Lastly, I don’t want this post to imply that criticism, suggestions, and the like is not wanted.  Last I heard, free speech was legal and generally a well-liked concept.  I just want to clarify some of the choices in the mod, and how my programming limitations and the financial/time constraints of all the volunteers has influenced the current product.  I also want to stress that as far as products are concerned, what is there now is by no means a final one.

So send me your feedback, your suggestions, and criticism, and we can debate it.  All I want to do is help you understand why it seems I didn’t see the receiver, even if he was wide open.

Character Profile – Hjoromir

Riverwood Blues

When you first arrive in Riverwood, you’re presented with a choice of followers, and the distinction is rather clear.  On one side you have a titan with a warhammer stained in blood, a mountain whose very breath tumbles through the sky.  On the other is a callow but eager weakling, who struggles to polish your boots as he daydreams of better days.

Perhaps the choice is easy. For practical reasons alone, the brute would be the one. He would stand tall against the waves of bandits and beasts, while his counterpart would spend half his time getting stomped, and the other half getting trampled.  Combine the brute’s size with a bit of charm, and the poor errand boy doesn’t stand a chance. In fact, it only gets worse when he opens his mouth.  The boy talks of being a hero, of saving the world and becoming something bigger than himself.

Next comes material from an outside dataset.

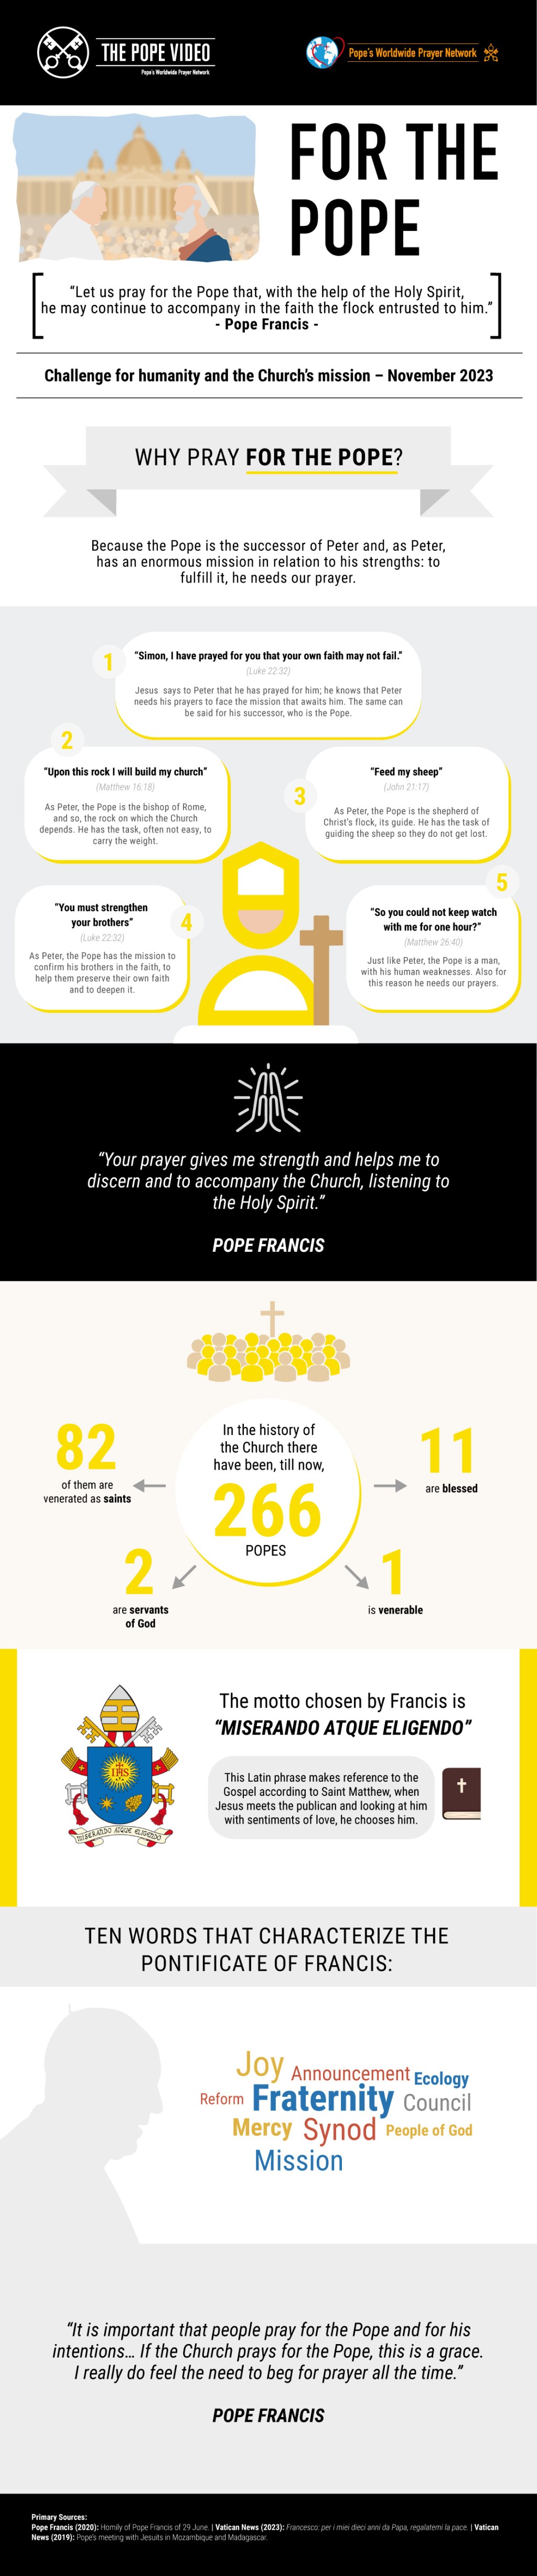 Infographic-TPV-11-2023-EN-For-the-Pope.jpg

He talks as if he were you.

Hjoromir is the very first NPC you meet for a reason. As we embark on this journey to become a person we’re not, we inevitably leave behind the person we are.  Hjoromir is the embodiment of the person at the keyboard, every gamer who’s ever immersed themselves in a fantasy world because the real one wasn’t up to standard.

Still, we don’t play games to be ourselves.  The last thing we want is our avatars to be the common man.  As great heroes, those are the people we ignore.  At times, they’re the people we resent.  They want us to fetch this or resolve that.  Their menial, everyday squabbles mean nothing when compared to the scope of our destiny.  And the boasts of someone like Hjoromir will only look foolish as we attempt to fulfill it.

Yet Hjoromir is also a follower for a reason.  Maybe when we set out on this great and tireless odyssey, we don’t have to say goodbye to the person we were.  Maybe, when you make your choice of companion, you’ll see a fellow traveler, a fellow dreamer, and take him along for the ride.